Stephen W G Tait1, Andrew Oberst2, Giovanni Quarato3, Sandra Milasta3, Martina Haller4, Ruoning Wang5, Maria Karvela4, Gabriel Ichim4, Nader Yatim6, Matthew L Albert7, Grahame Kidd8, Randall Wakefield9, Sharon Frase9, Stefan Krautwald10, Andreas Linkermann10, Douglas R Green11.   

Abstract

Programmed necrosis (or necroptosis) is a form of cell death triggered by the activation of receptor interacting protein kinase-3 (RIPK3). Several reports have implicated mitochondria and mitochondrial reactive oxygen species (ROS) generation as effectors of RIPK3-dependent cell death. Here, we directly test this idea by employing a method for the specific removal of mitochondria via mitophagy. Mitochondria-deficient cells were resistant to the mitochondrial pathway of apoptosis, but efficiently died via tumor necrosis factor (TNF)-induced, RIPK3-dependent programmed necrosis or as a result of direct oligomerization of RIPK3. Although the ROS scavenger butylated hydroxyanisole (BHA) delayed TNF-induced necroptosis, it had no effect on necroptosis induced by RIPK3 oligomerization.

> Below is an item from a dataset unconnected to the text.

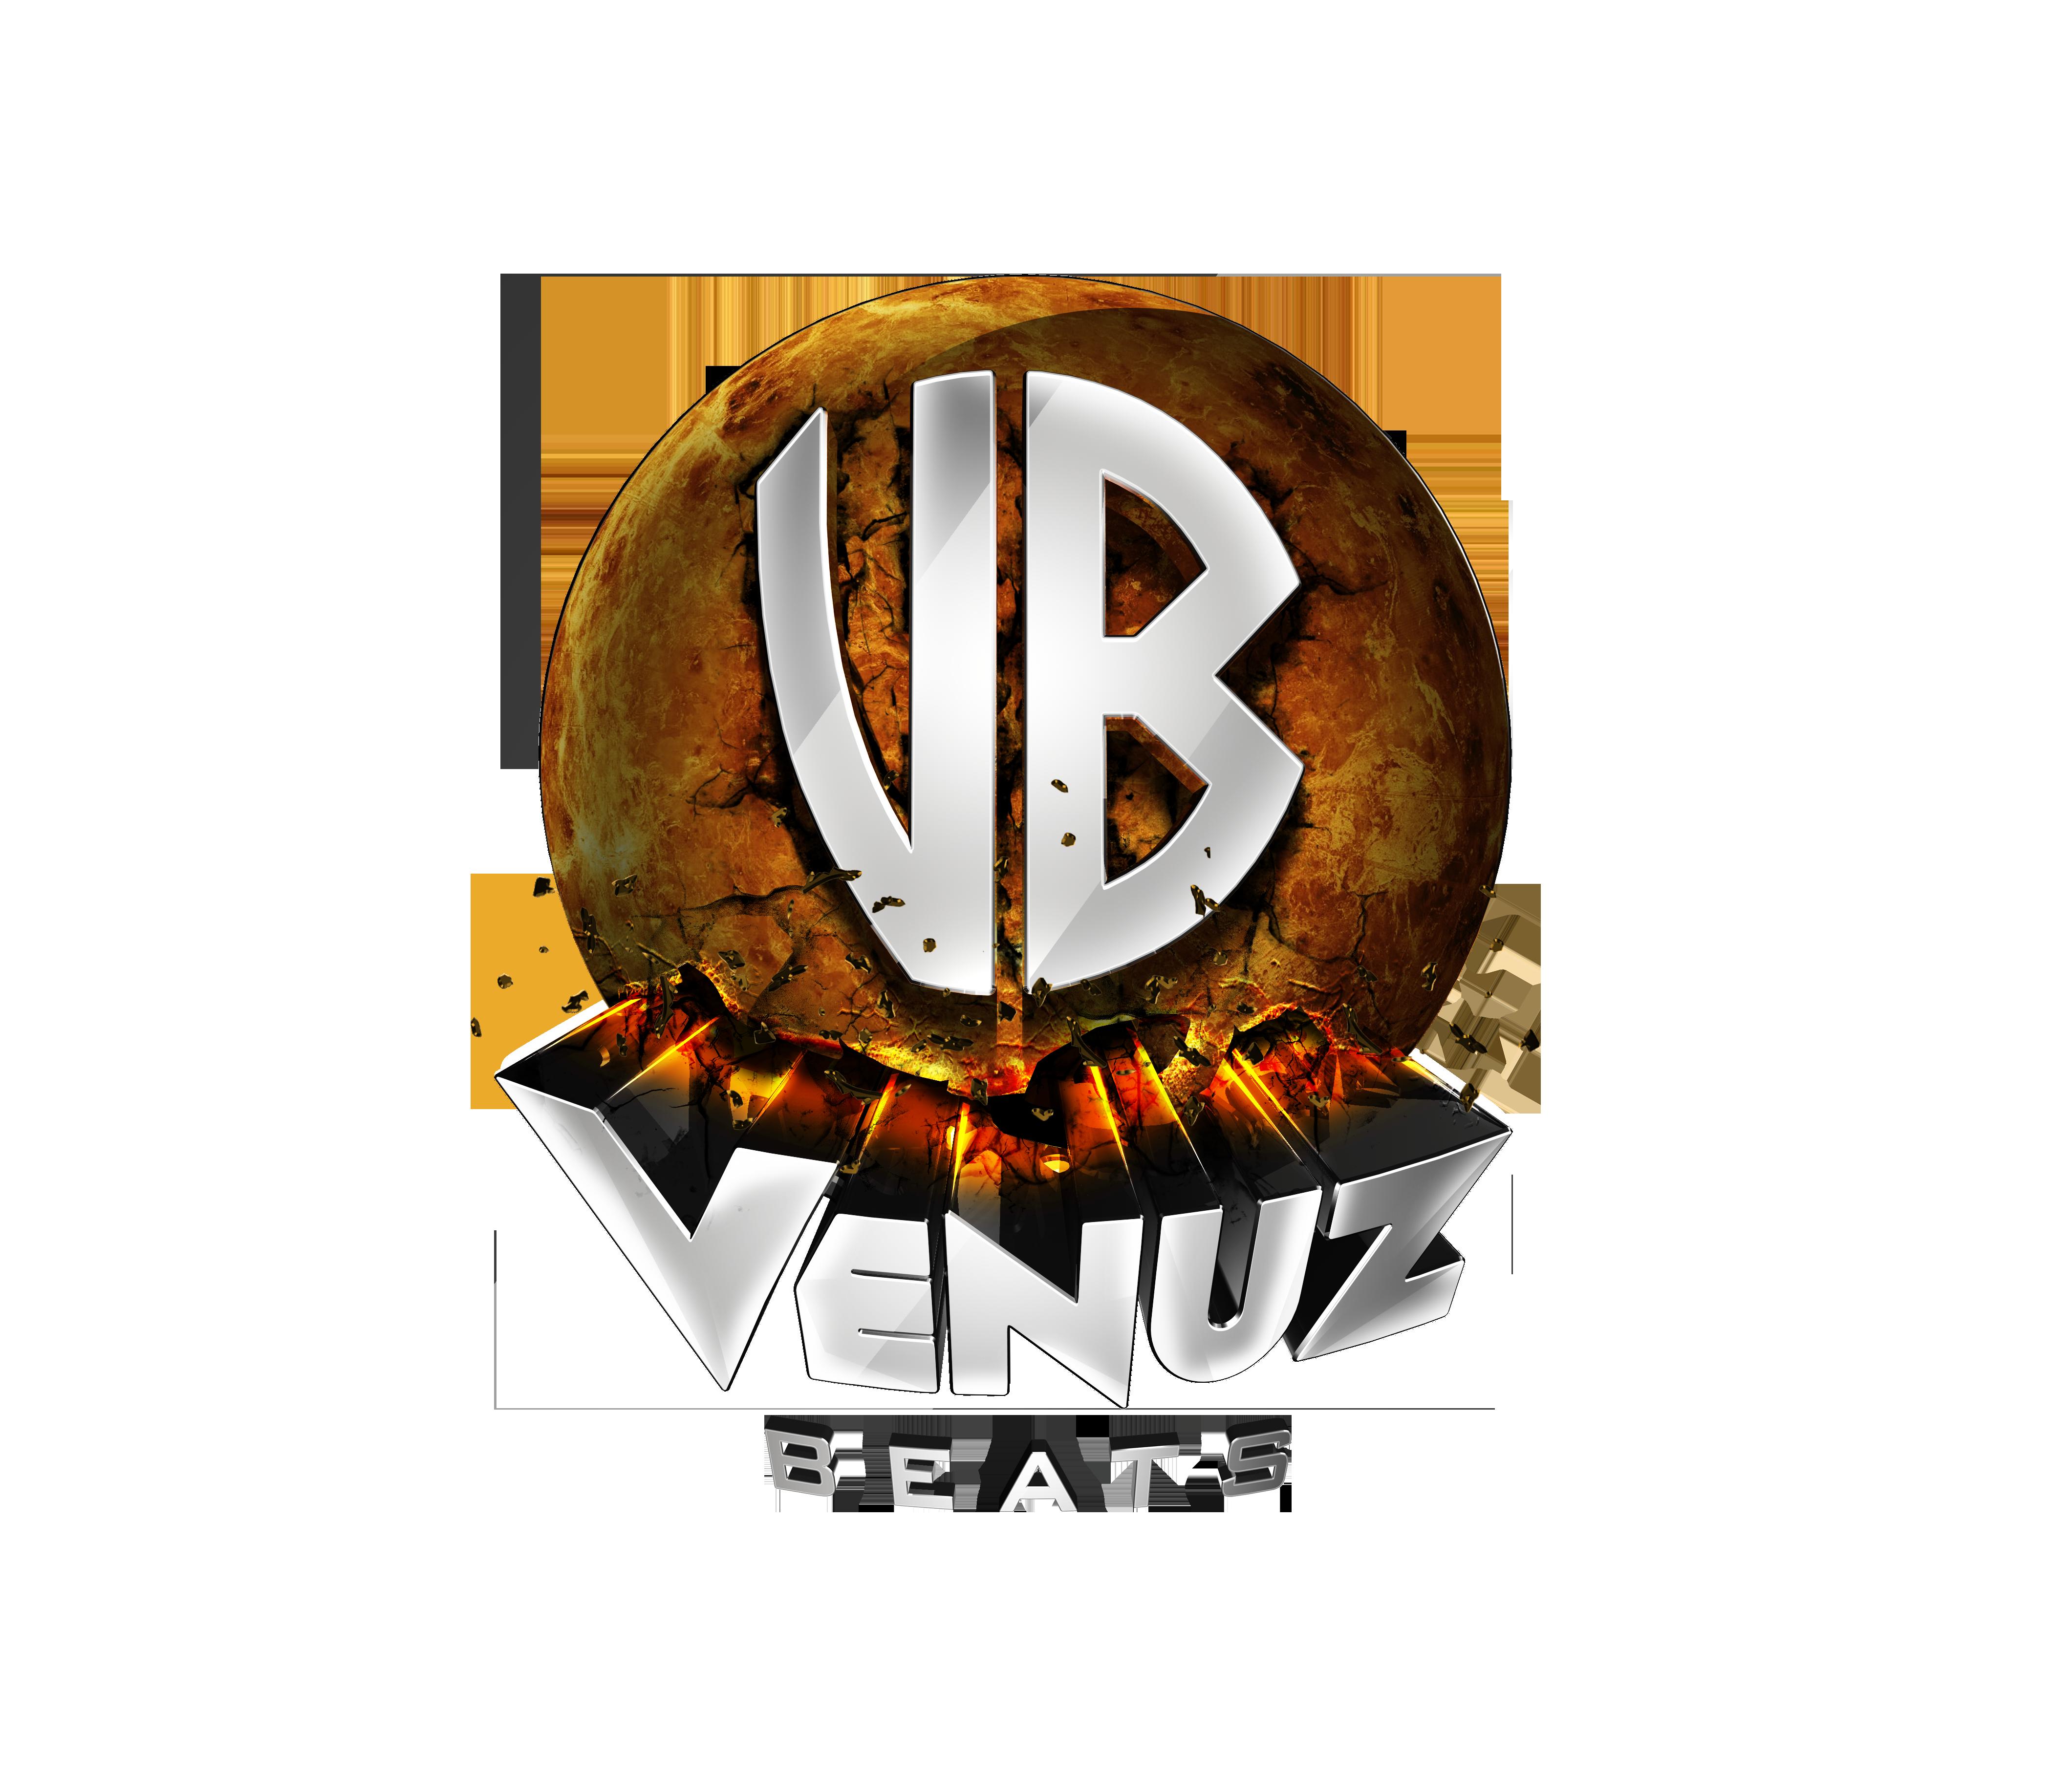 Venuz Beats - Neo Soul

Furthermore, although TNF-induced ROS production was dependent on mitochondria, the inhibition of TNF-induced necroptosis by BHA was observed in mitochondria-depleted cells. Our data indicate that mitochondrial ROS production accompanies, but does not cause, RIPK3-dependent necroptotic cell death.
Copyright © 2013 The Authors. Published by Elsevier Inc. All rights reserved.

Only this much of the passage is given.